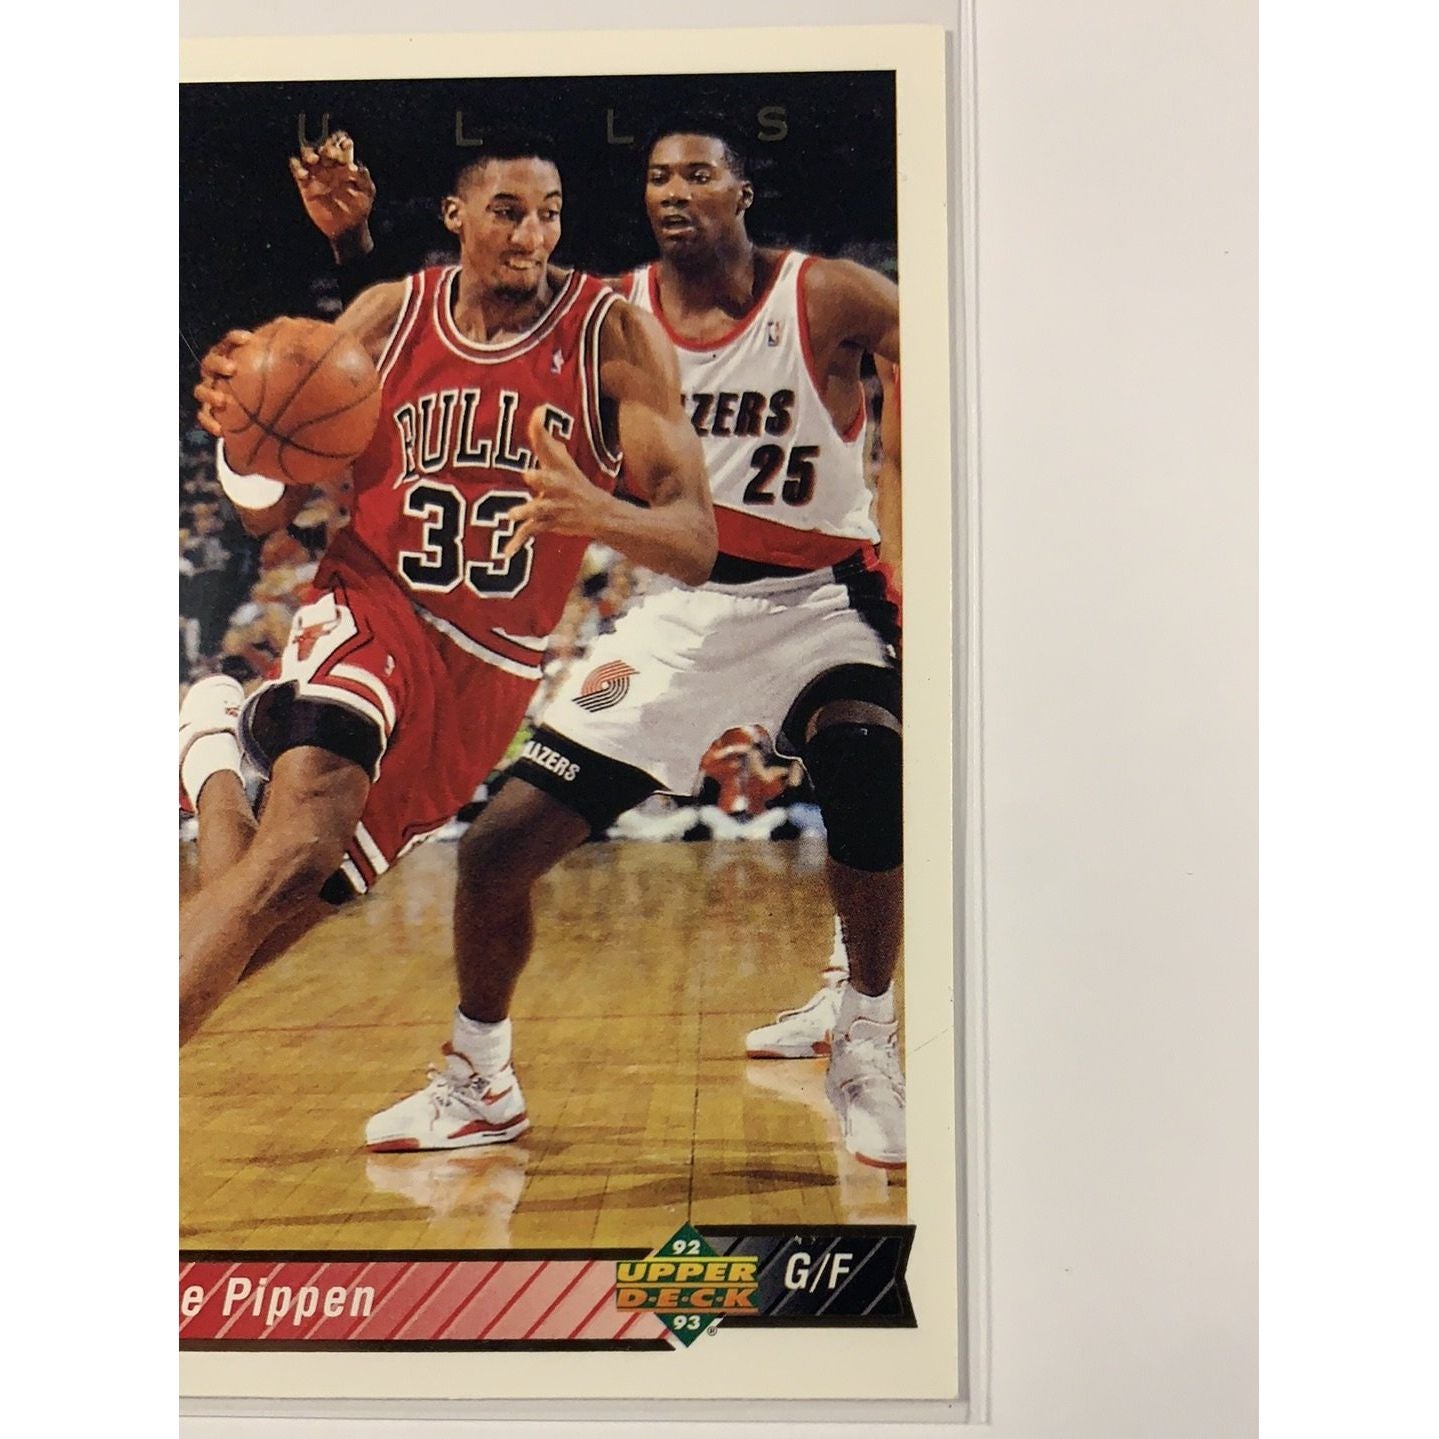  1992-93 Upper Deck Scottie Pippen Base #133  Local Legends Cards & Collectibles
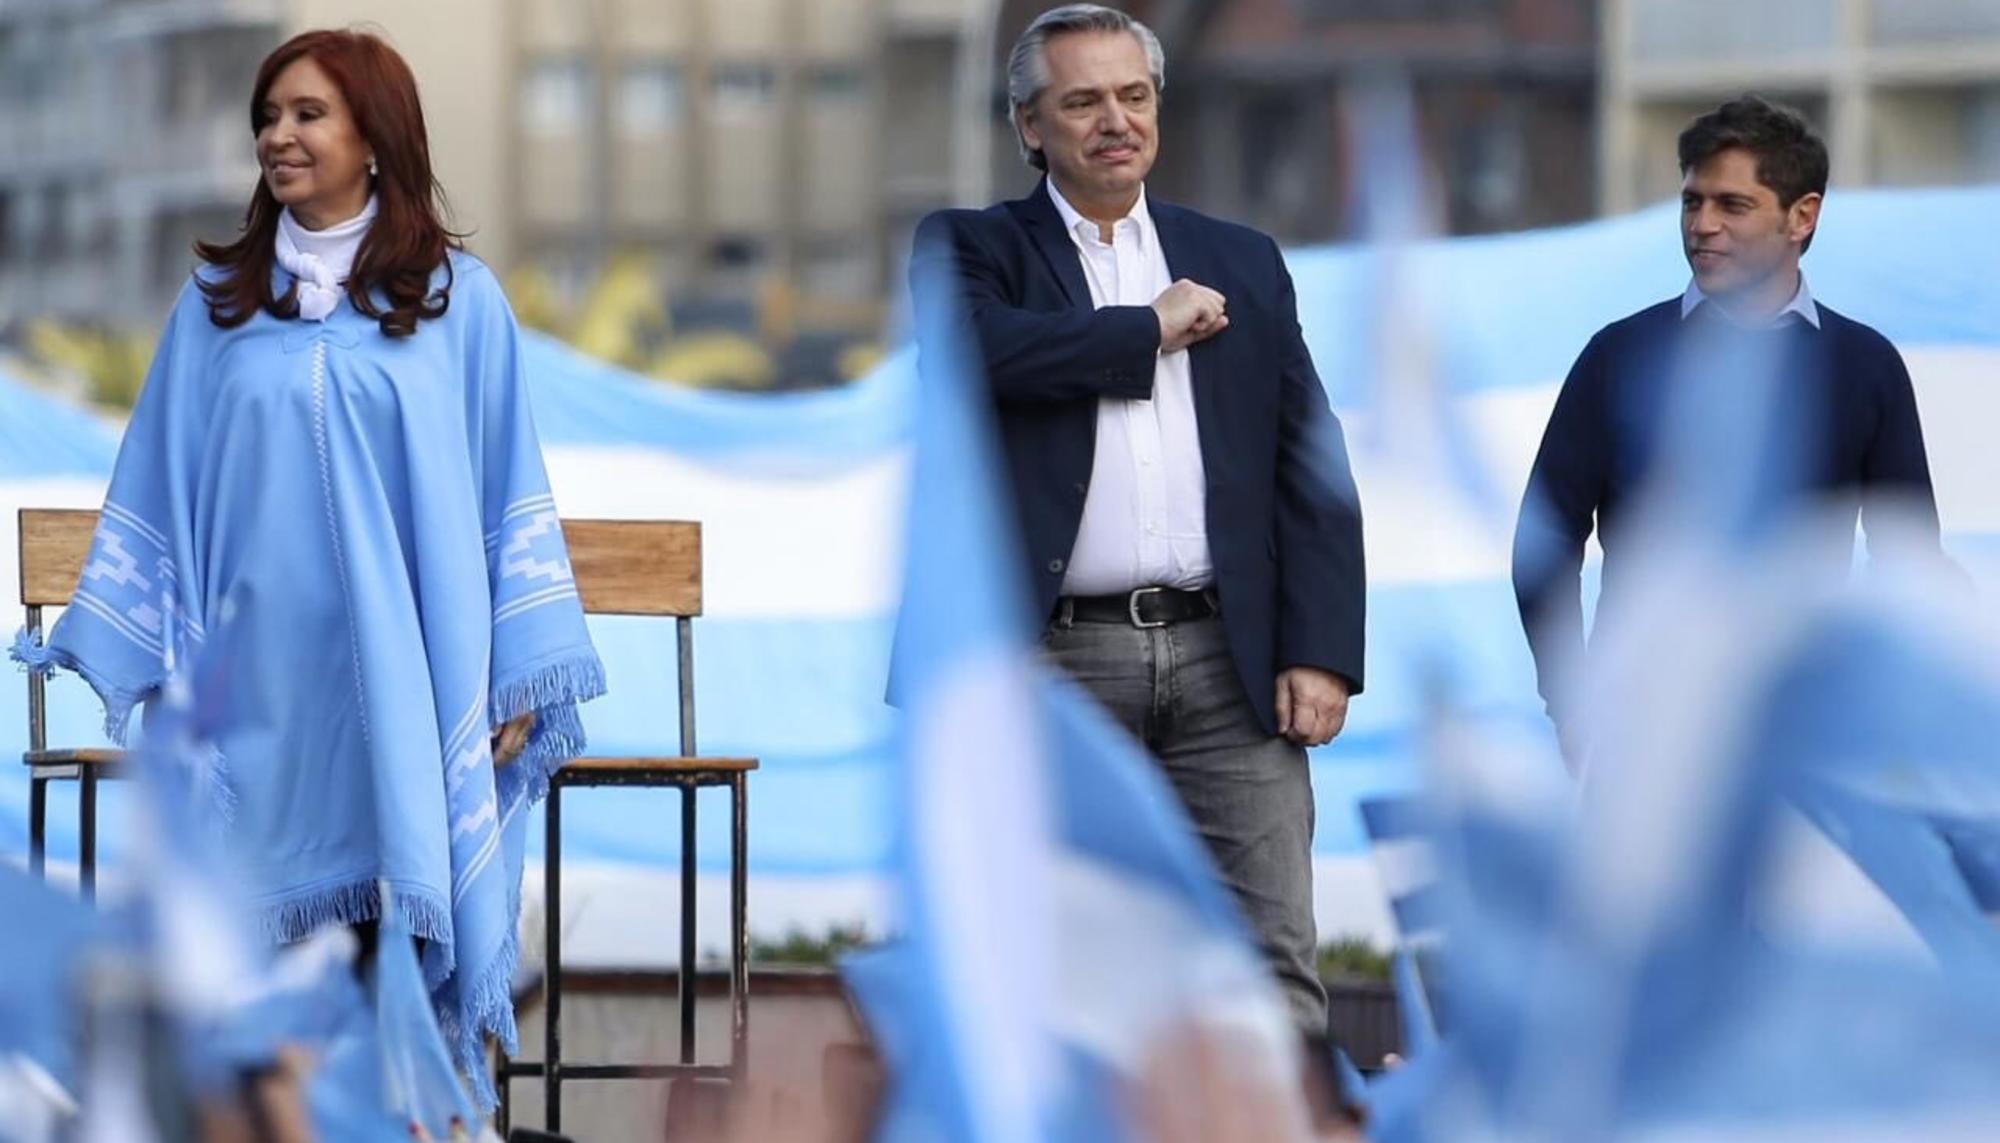 Alberto Fernández y Cristina Fernández
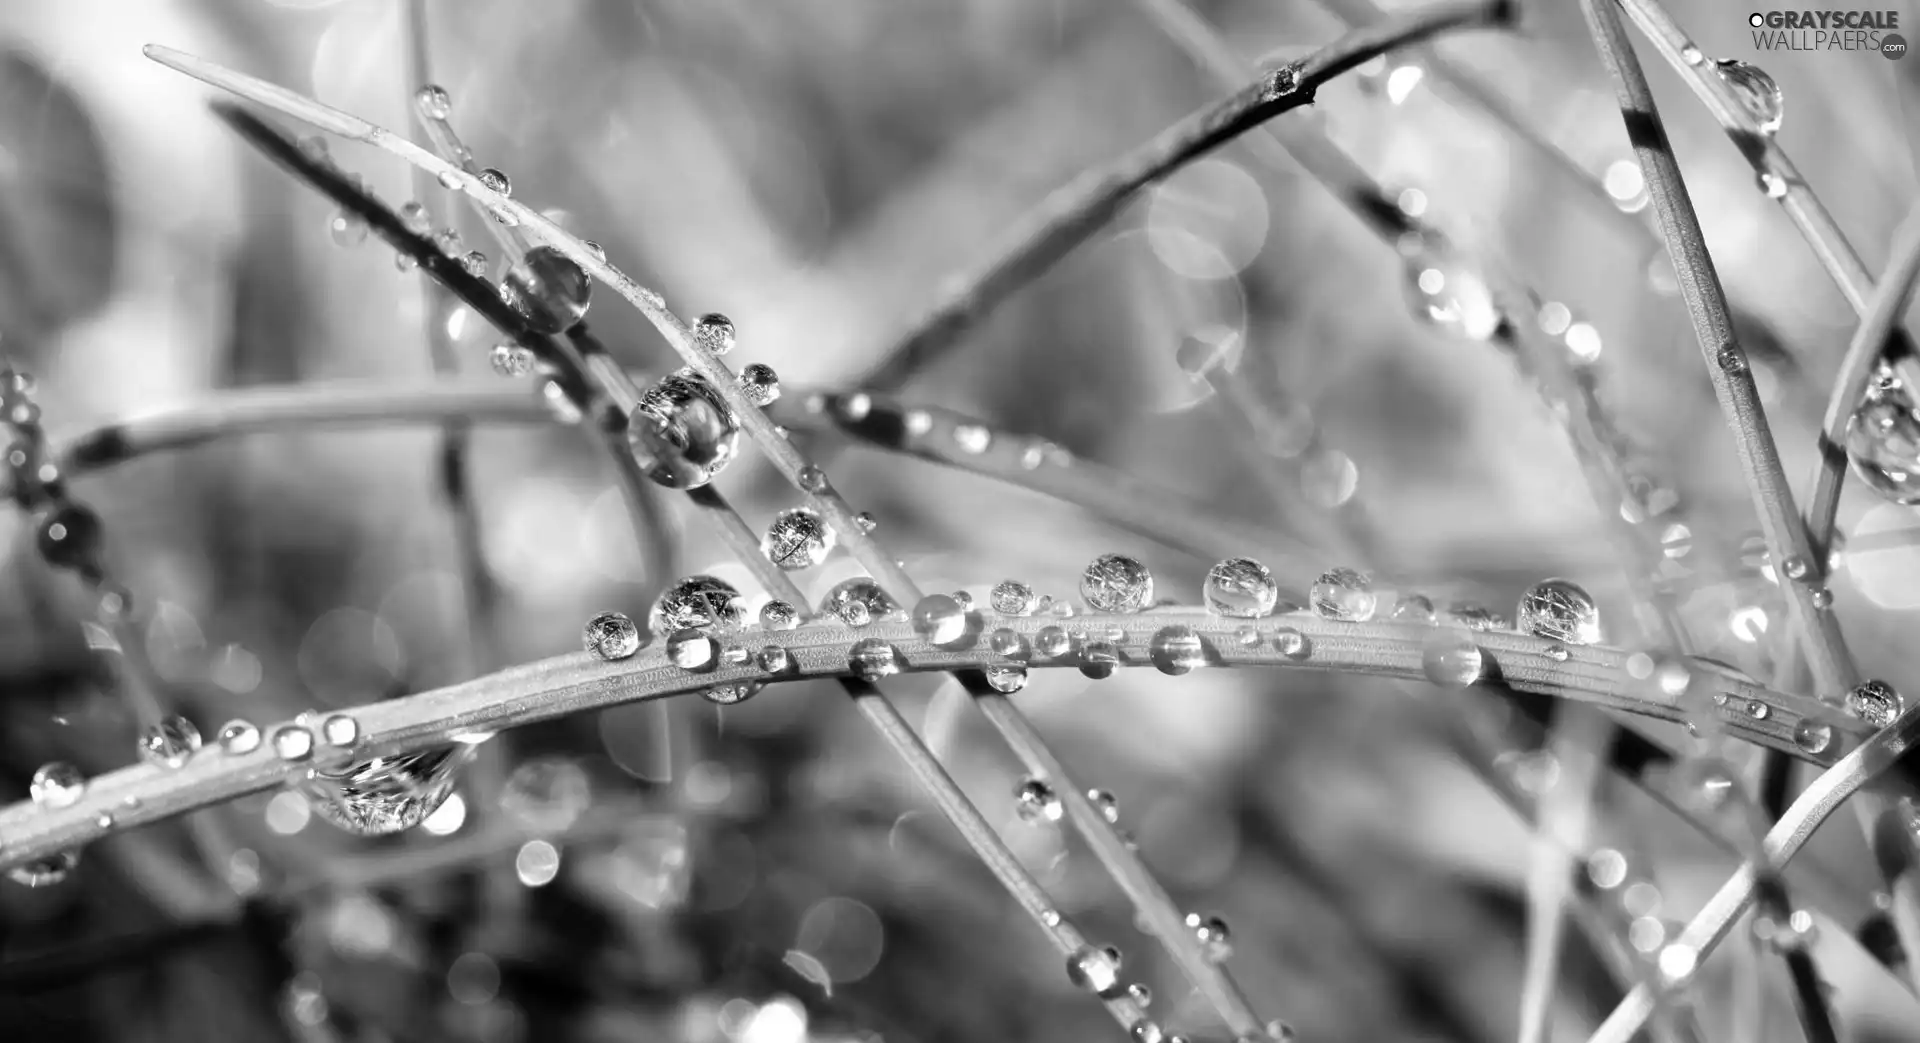 stems, droplets

◆ **Goal of the exercise**:
From the line containing "Alberto Fernández y Cristina Fernández" to the final line above, both included, transcribe every line exactly and leave all pictures out.

◆ **Solution**:
 Alberto Fernández y Cristina Fernández
 stems, droplets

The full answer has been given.